◆ Your goal:
Without changing a word, repeat the data, and include no pictures.

◆ Supplied data:

┄┄┄┄┄┄

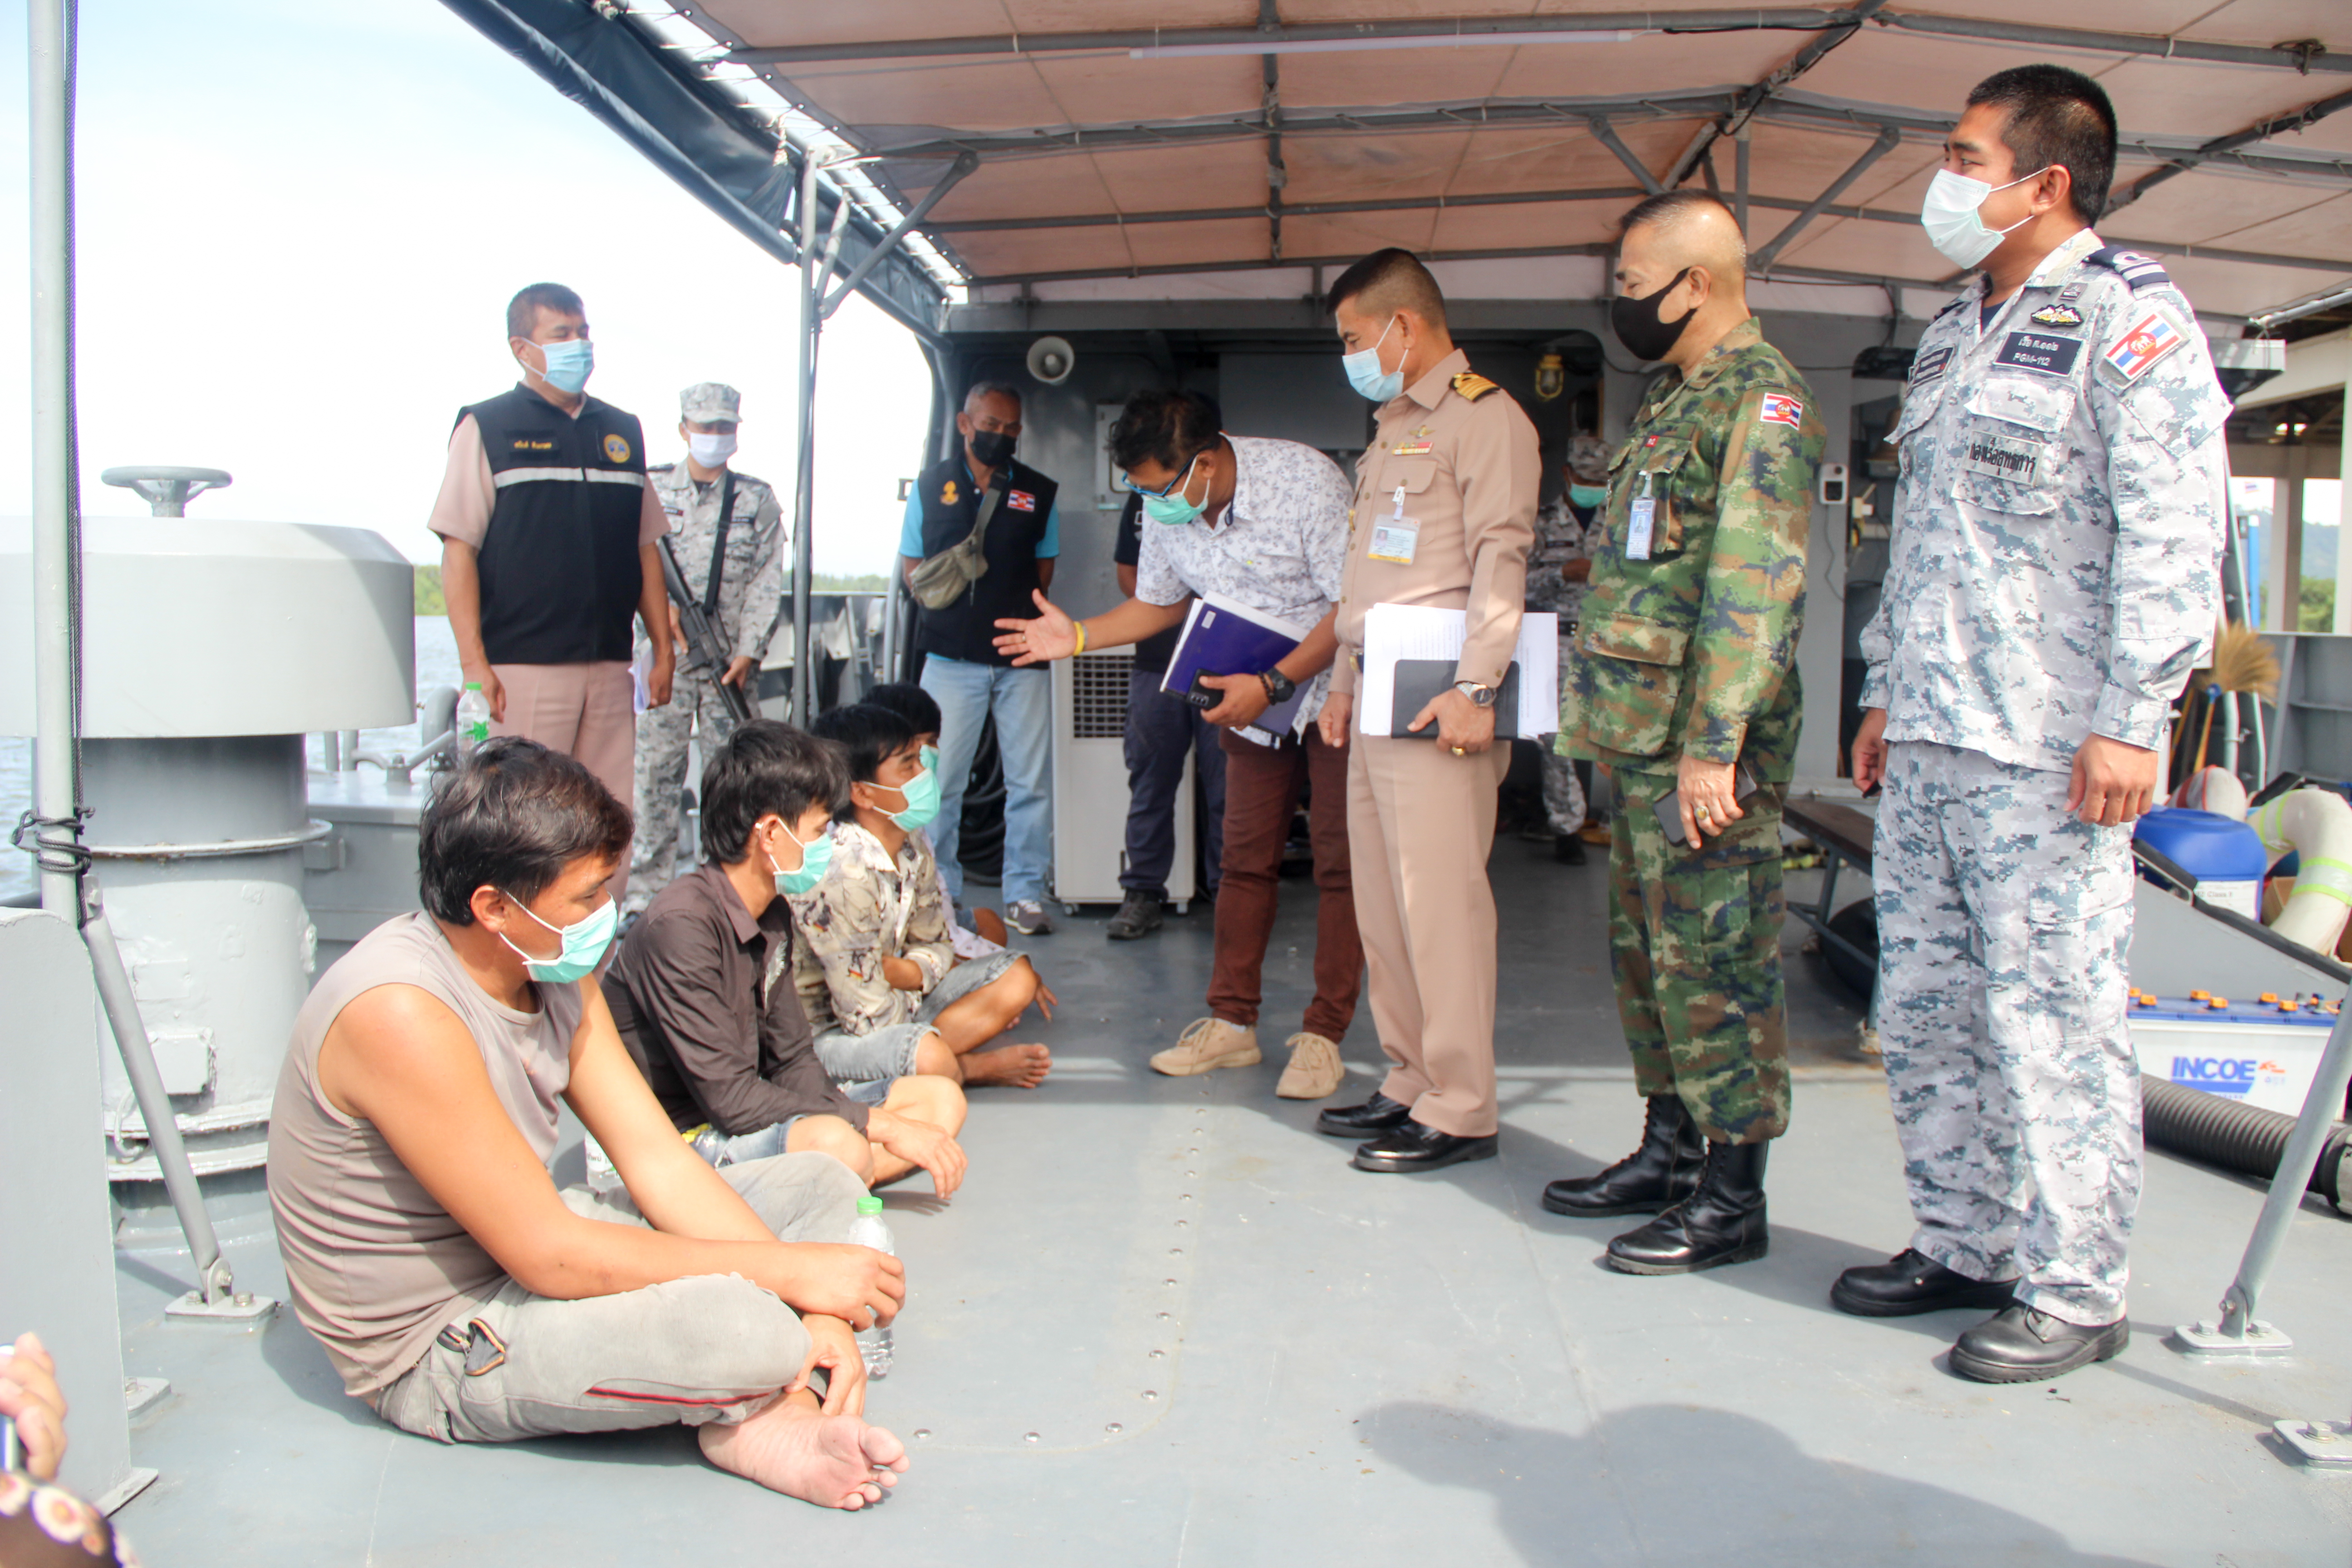 เรือ ต.112 จับกุมลูกเรือประมงเวียดนามทำการประมงผิดกฎหมายในน่านน้ำไทย 4 ราย ตรวจเข้มโควิด-19 เบื้องต้นอุณหภูมิปกติ 
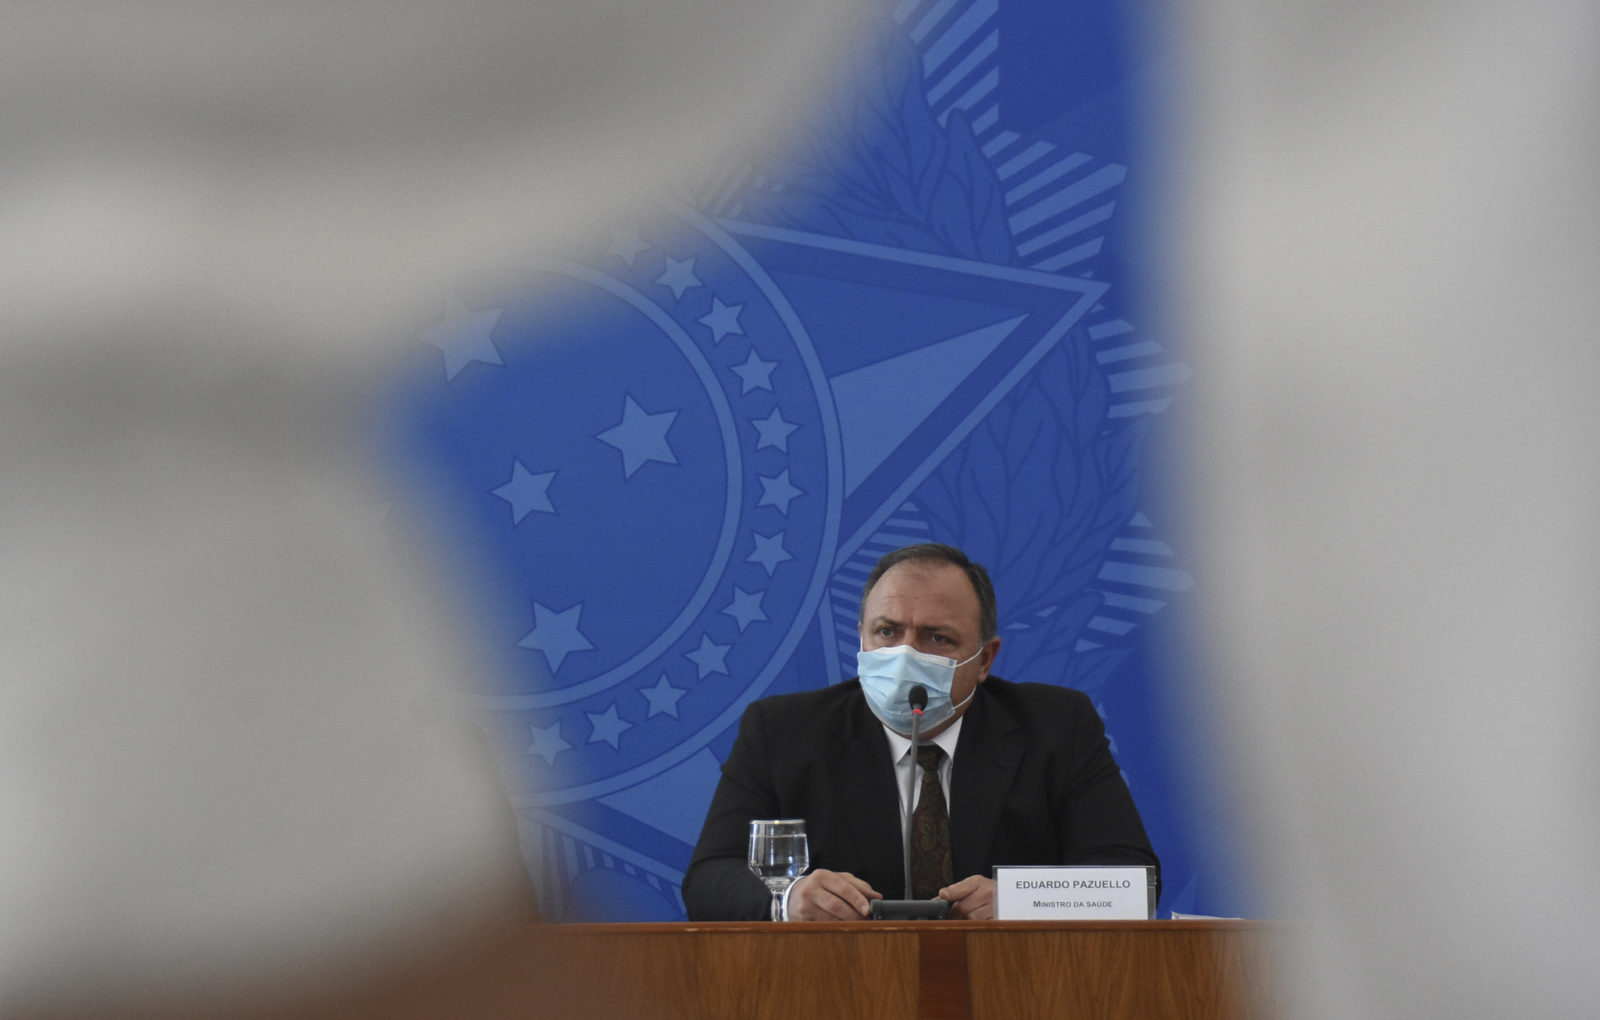 Pazuello, homem branco com cabelo curto, posa sentado de máscara descartável e terno preto, com o símbolo do Brasil atrás
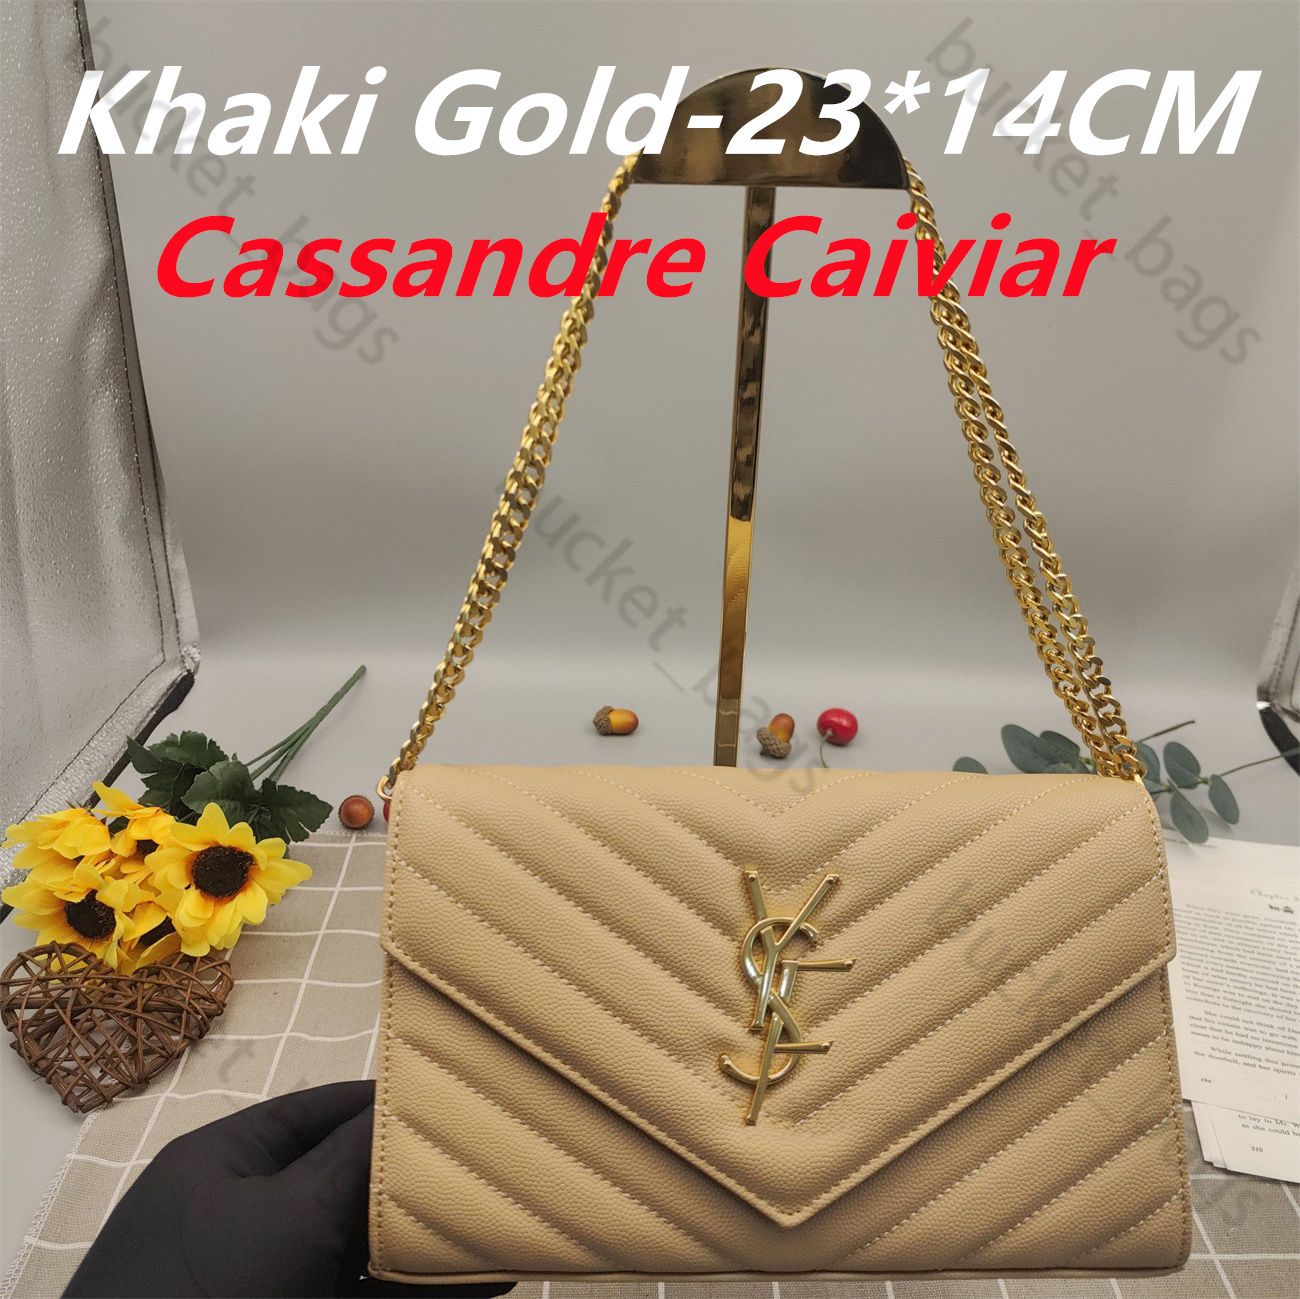 Caviar-Khaki Gold

┄┄┄┄┄┄

◆ Solved exercise:
 เรือ ต.112 จับกุมลูกเรือประมงเวียดนามทำการประมงผิดกฎหมายในน่านน้ำไทย 4 ราย ตรวจเข้มโควิด-19 เบื้องต้นอุณหภูมิปกติ 
 Pazuello, homem branco com cabelo curto, posa sentado de máscara descartável e terno preto, com o símbolo do Brasil atrás
 Caviar-Khaki Gold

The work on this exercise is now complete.